The senior internalisation: size classes are a static, code-generated array. There are 68 of them (class 0 is reserved). Every small allocation is rounded up to one of these sizes — there are no other sizes. When you see `HeapAlloc - HeapSys` mismatch, the gap is "rounding waste plus span tails plus per-mspan metadata".

Extension. Run go run runtime/mksizeclasses.go (it's a generator) and observe the algorithm. What would happen if you changed _MaxSmallSize to 16 KiB?

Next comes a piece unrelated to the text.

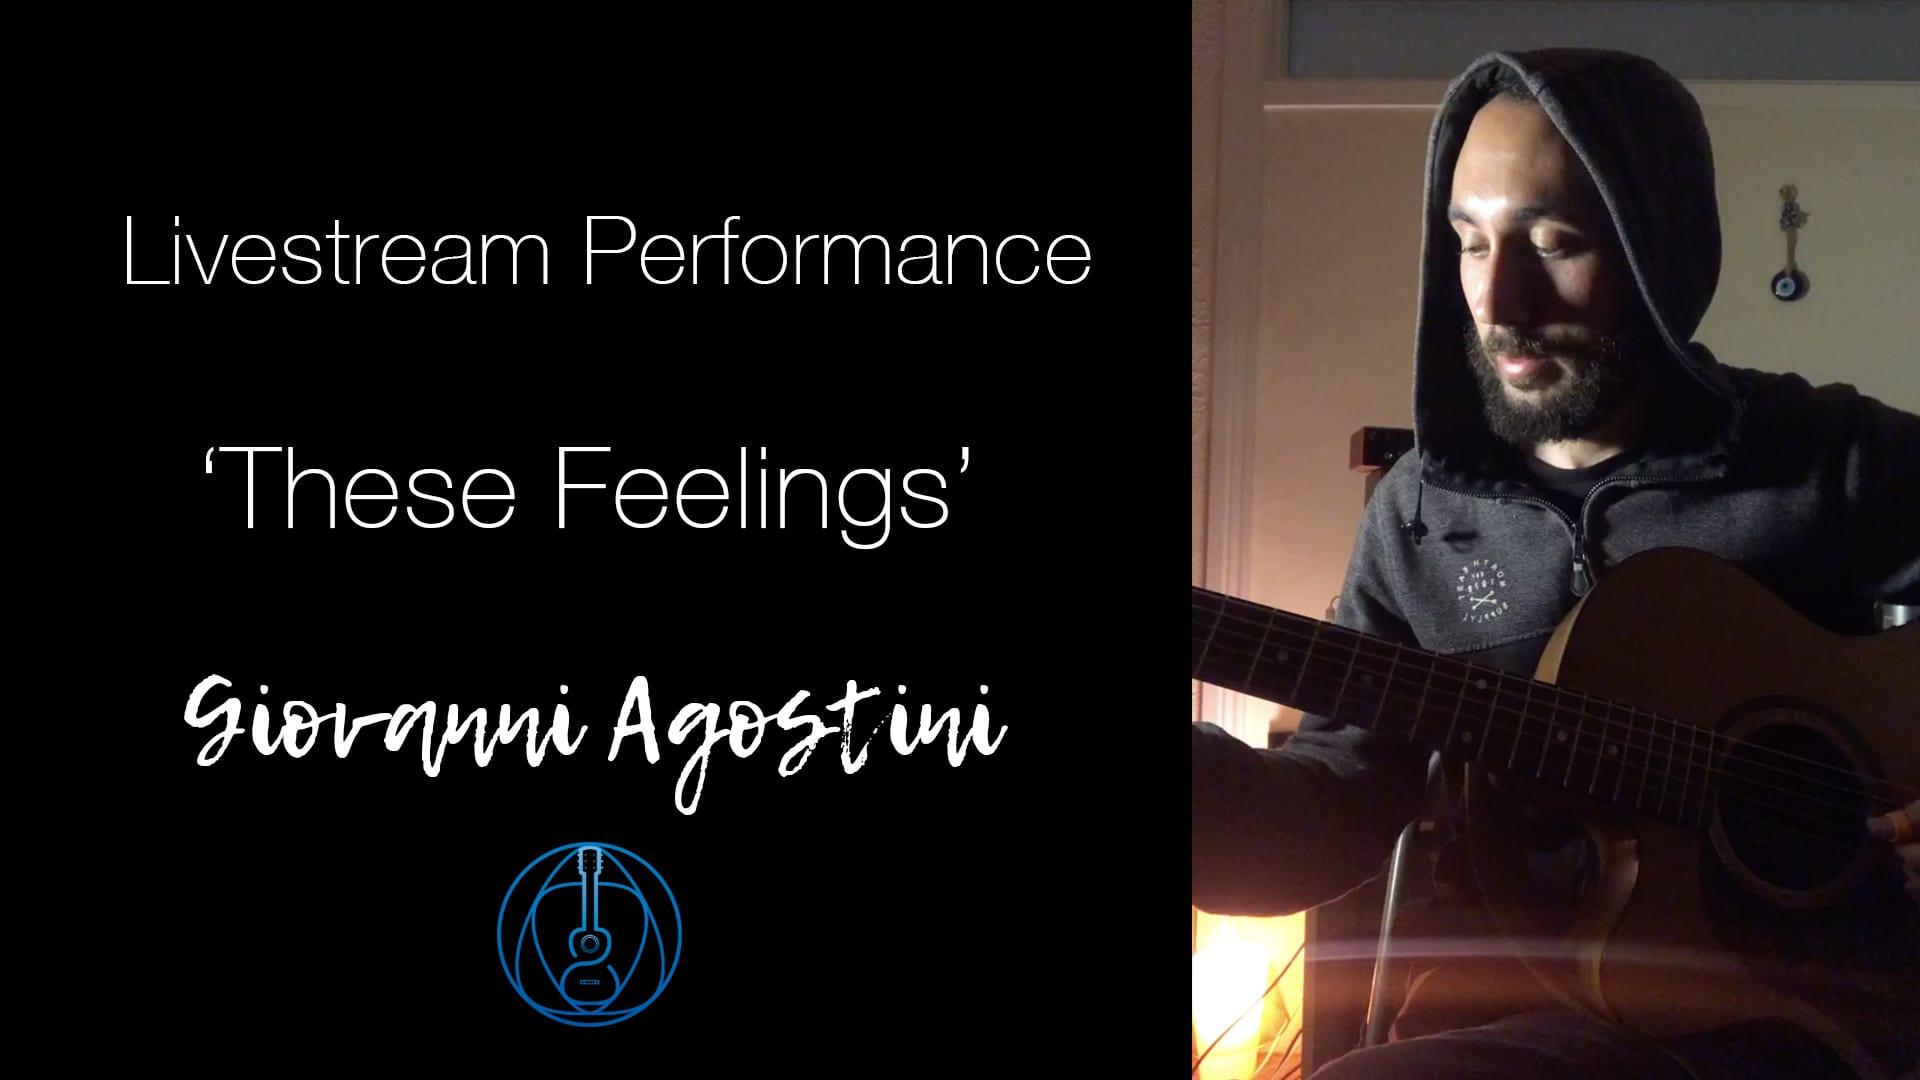 These Feelings | 432hz | Livestream Performance

Task 6: Trigger a small-object refill from mcentral

Goal. Construct a benchmark that allocates so many objects of one size class that the per-P mcache must refill from mcentral, and observe the refill via a tracer.

Difficulty. Middle.

Skills. mcache/mcentral interaction, GODEBUG tracing, span lifecycle.

Steps.

  1. Pick size class 5 (size 64 B). Write a benchmark allocating 100,000 [64]byte arrays.
  2. Run with GODEBUG=allocfreetrace=0,gctrace=1 — observe GC frequency.
  3. Run with GOEXPERIMENT= and GODEBUG=gctrace=1 capturing one cycle.
  4. Estimate: a single mspan for class 5 holds 8192 / 64 = 128 objects, so 100,000 allocations require ~780 mcentral refills per P. Multiply by GOMAXPROCS.
  5. Write the prediction as a comment; verify the gctrace pace agrees in order of magnitude.

Acceptance criteria.

  • Benchmark allocates 100k [64]byte and reports >= 100k allocs/op aggregate.
  • A comment estimates refill count and explains "refill = mcache asks mcentral for a fresh mspan".
  • GODEBUG=gctrace=1 shows GC cycles consistent with the heap-growth rate.
Hint The per-P mcache holds at most one mspan per size class. When that span runs out of free objects, mcache calls `(*mcentral).cacheSpan()` (see `runtime/mcentral.go`). mcentral keeps two lists per class: spans with free objects (`partial`) and spans that are full (`full`). On refill, mcentral pops from `partial`; if empty, it asks mheap for a fresh span. The full lifecycle is in the comment block of `mcentral.go`.
Reference solution
package refill

import "testing"

type Block [64]byte

// One Block goes into size class 5 (size 64). One mspan for class 5 has
// npages = 1, so 8192 / 64 = 128 objects per span. 100_000 allocations
// require ~782 mcentral refills per goroutine, multiplied across all Ps
// that get scheduled to allocate.
func BenchmarkSmallRefill(b *testing.B) {
    b.ReportAllocs()
    for i := 0; i < b.N; i++ {
        bs := make([]*Block, 100_000)
        for j := range bs {
            bs[j] = &Block{}
        }
        _ = bs
    }
}
Run with:
$ GODEBUG=gctrace=1 go test -bench=BenchmarkSmallRefill -benchmem -benchtime=2s
Each `gc` line in the trace prints heap-before/heap-after sizes. A 100k * 64 = 6.4 MB allocation pass will trigger one or two GC cycles depending on the initial heap target (`GOGC=100` doubles the heap before triggering). Per cycle the mcache-mcentral traffic is hundreds of refills per P. You won't see refills directly in `gctrace` — they're internal. To see them, use the runtime/trace tool:
import "runtime/trace"

f, _ := os.Create("trace.out")
trace.Start(f)
defer trace.Stop()
// ... allocate ...
Then `go tool trace trace.out` and inspect the "GC and Sweep" lane for `runtime.mcache.refill` frames. The intuition: a hot allocation loop on a single size class burns through mcache spans quickly, and mcentral is the next-tier cache that prevents every refill from going to mheap (which would hit a global lock).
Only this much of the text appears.